寂寞未忘听风雨,便向江英寻旧花——读蒋捷《一剪梅·舟过吴江》
中本2201李自豪
一片春愁待酒浇。江上舟摇,楼上帘招。秋娘渡与泰娘桥,风又飘飘,雨又萧萧。
何日归家洗客袍?银字笙调,心字香烧。流光容易把人抛,红了樱桃,绿了芭蕉。
南宋咸淳十年,命运的钟声敲响,蒋捷进士及第,三十而立的他,满心憧憬着即将展开的仕途,渴望将经世济民的理想付诸实践。彼时,他的眼中闪烁着对未来的炽热光芒,仿佛看到了自己身处朝堂之上:致君尧舜,此事何难?然而,命运却无情地对他露出了狰狞的面容。
同一年,蒙元的铁蹄如汹涌的潮水般汹涌南下,其兵锋所指之处,山河震颤,临安城已危在旦夕。可南宋朝廷却似仍沉醉在纸醉金迷的幻梦之中,林升 “暖风熏得游人醉,直把杭州作汴州” 的诗句,宛如一记辛辣的耳光,狠狠地扇在这个麻木不仁的王朝脸上。当蒙元大军兵临城下,朝廷方才如梦初醒,慌乱地派出使者求和,却不知,此时的蒙元所求,早已不是区区割地赔款或岁贡所能满足。
生死攸关之际,往昔繁华的临安城陷入了一片混乱。曾经热闹非凡的宫廷,如今大臣们如惊弓之鸟,四散奔逃,无人再有心打理朝政;曾经熙熙攘攘的街市,百姓们在惶恐中奔走呼号,流离失所。蒋捷,这位刚刚进士及第,尚未等到职位安排的年轻士子,只能眼睁睁地看着国家陷入绝境,他的心中,理想的灯塔在现实的暴风雨中摇摇欲坠,无尽的悲痛与无奈,如汹涌的潮水,瞬间将他淹没。
公元1276年2月,黑暗笼罩着临安城,蒙元的铁骑踏破了这座曾经的繁华之都。太皇太后谢道清携宋恭帝投降,刹那间,天崩地裂,临安城陷入了无尽的混乱与绝望之中。蒋捷,如一片飘零的孤叶,在狂风中无助地挣扎,他被迫混入逃难的人群,踏上了颠沛流离的逃亡之路。当他来到吴江,准备乘船继续前行时,江边的码头,酒家依旧热闹非凡,酒旗在风中飘扬,仿佛什么都没有发生过。

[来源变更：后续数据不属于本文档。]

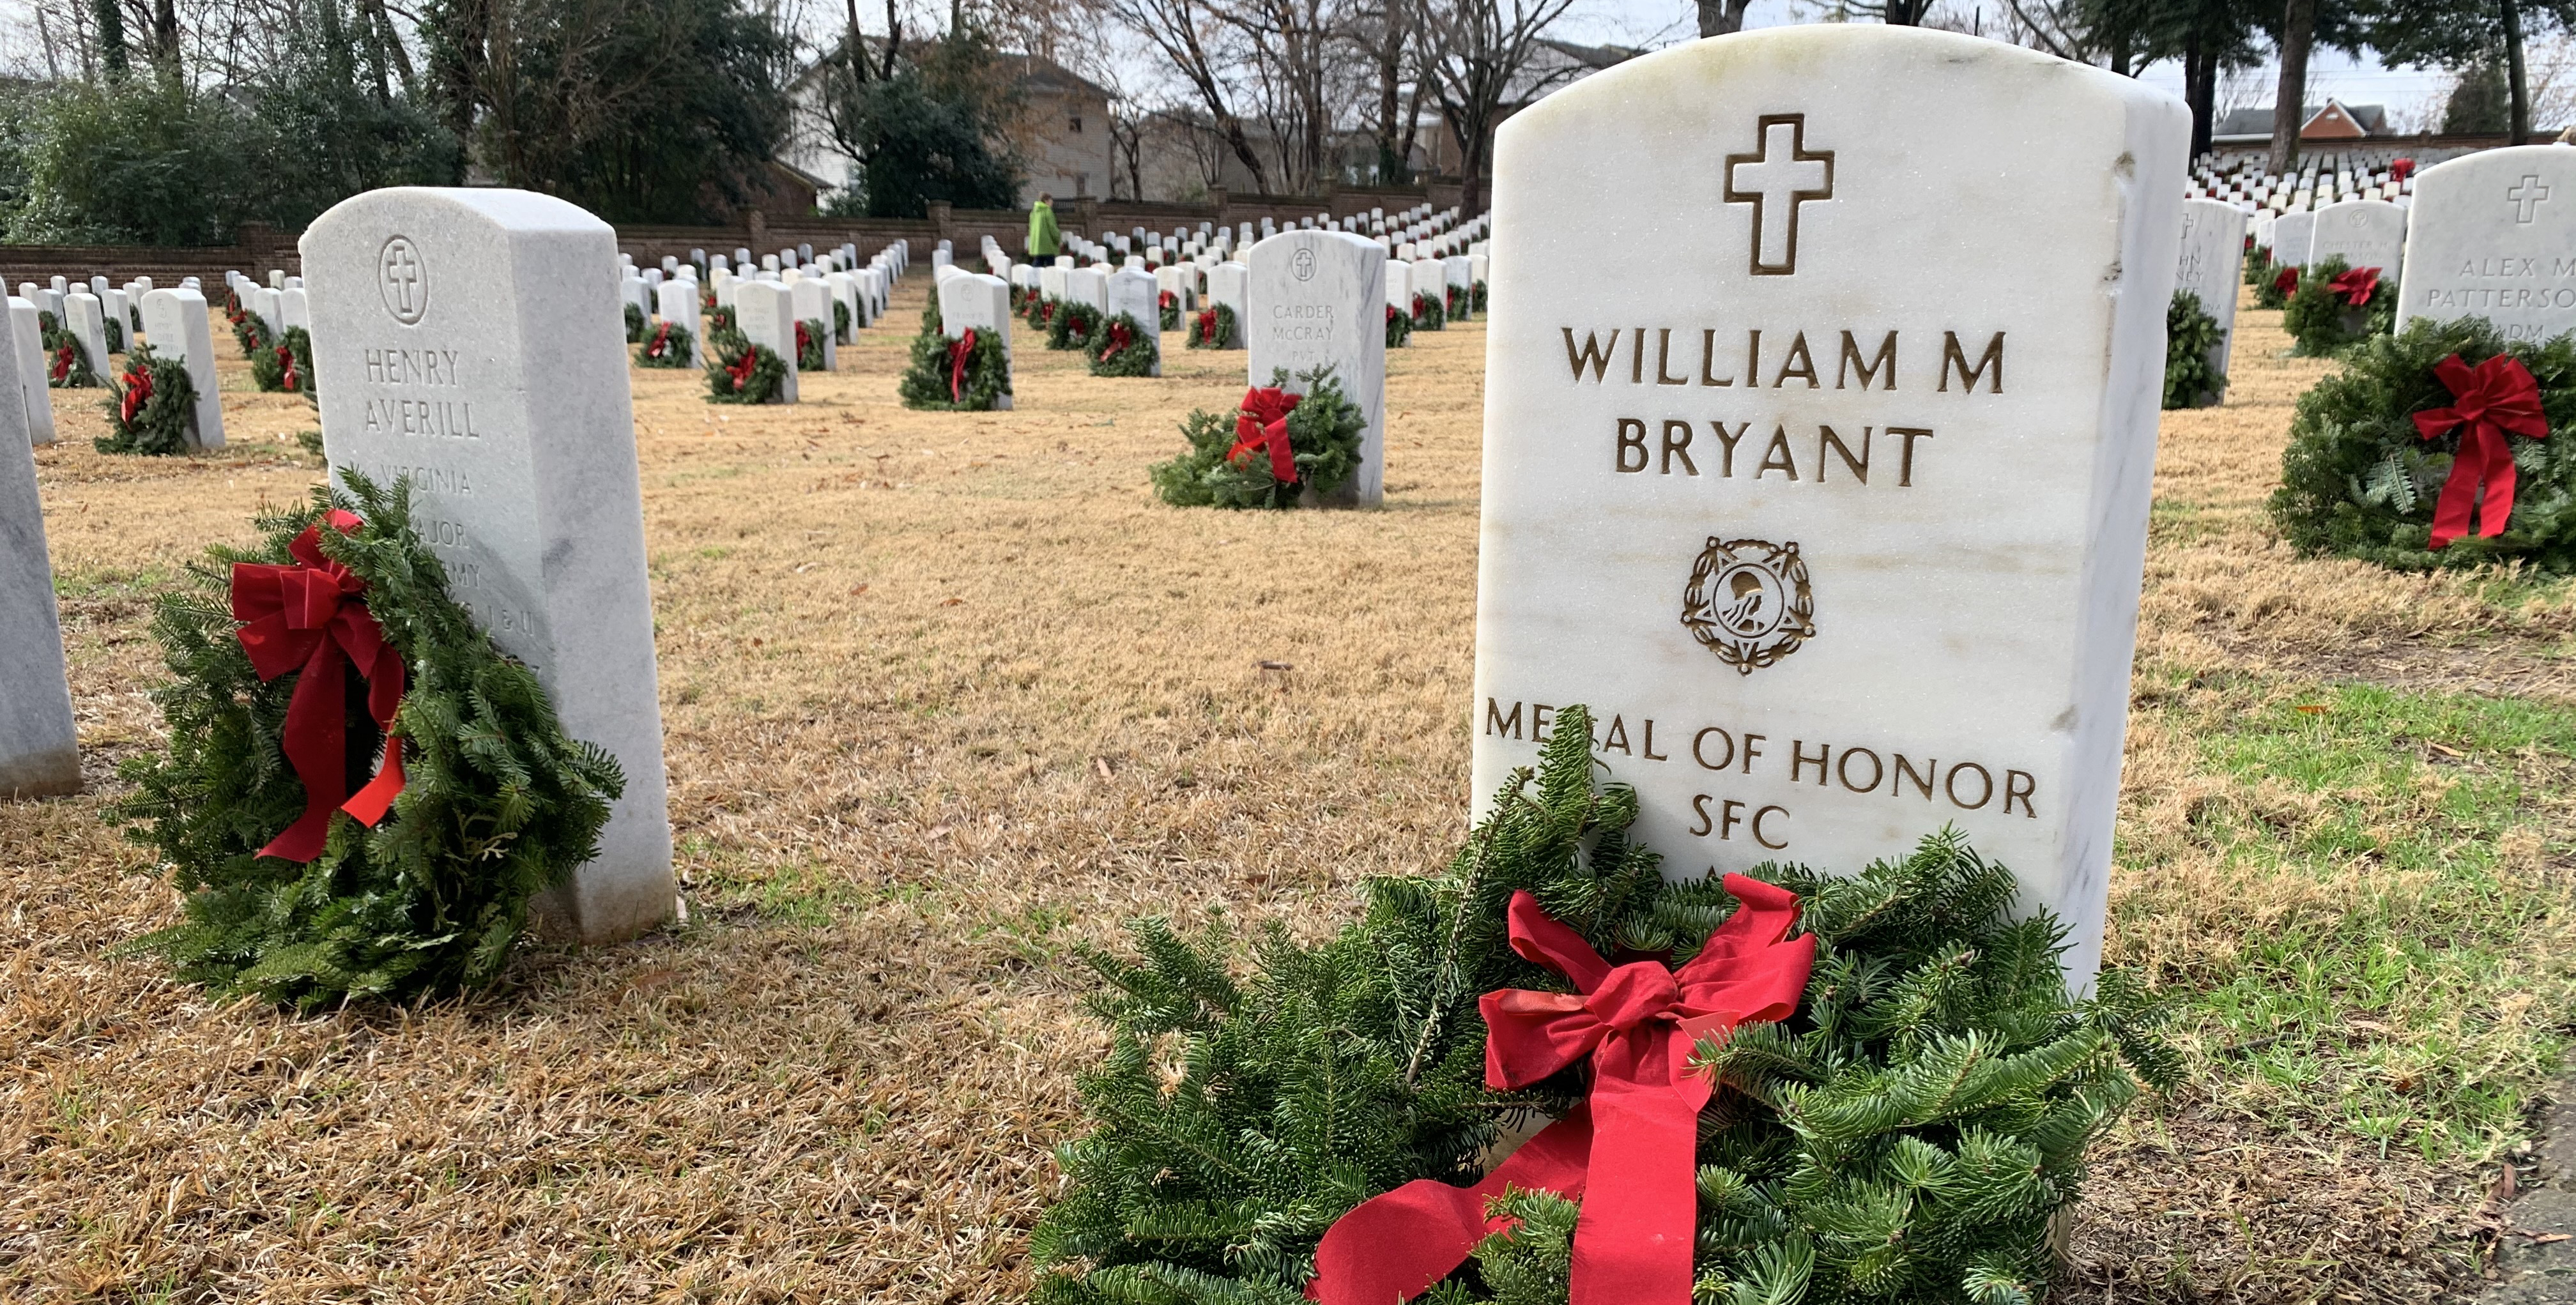 A wreath lies at the grave of Army Sgt. 1st Class William M. Bryant during the 2019 Wreaths Across America event at Raleigh National Cemetery, North Carolina. VA photo by Adam Stump.

那一片歌舞升平的景象,与他心中的亡国之痛形成了鲜明而残酷的对比。
他站在船头,望着这看似平静的一切,心中却如翻江倒海一般。他是一名士子,南宋的命运与他血脉相连,一路上不断传来的噩耗,也让他的心情仿佛被绑上巨石,沉入江底。春天的微风,本应带来生机与希望,可在他眼中,却只增添了几分清冷与哀愁。黍离之悲,刹然而至,无家可归,何处可依。在这无尽的痛苦与惆怅之中,一首饱含血泪的诗词,如泣如诉地从他心底流淌而出。
然而,命运的残酷并未就此停歇。公元1279年正月,崖山之战爆发,一场惊天地、泣鬼神的惨烈决战。左丞相陆秀夫背着年仅8岁的小皇帝跳入大海,十几万军民的浮尸漂浮在海面之上,南宋,这个曾经辉煌一时的王朝,在血雨腥风中彻底覆灭。元朝建立,忽必烈的目光投向了前朝士臣,一部分人在诱惑面前屈服,选择了出仕元朝,而蒋捷,却坚定地选择了归隐之路。《宋进士捷公传》记载:“元初遁迹不仕。大德间,宪使臧梦解、陆厚交章荐其才,卒不就,不臣二主。” 他深受儒家思想的熏陶,忠君爱国是他心中不可动摇的信条,如同文天祥一般,他宁死不屈,也决不做降臣贰臣。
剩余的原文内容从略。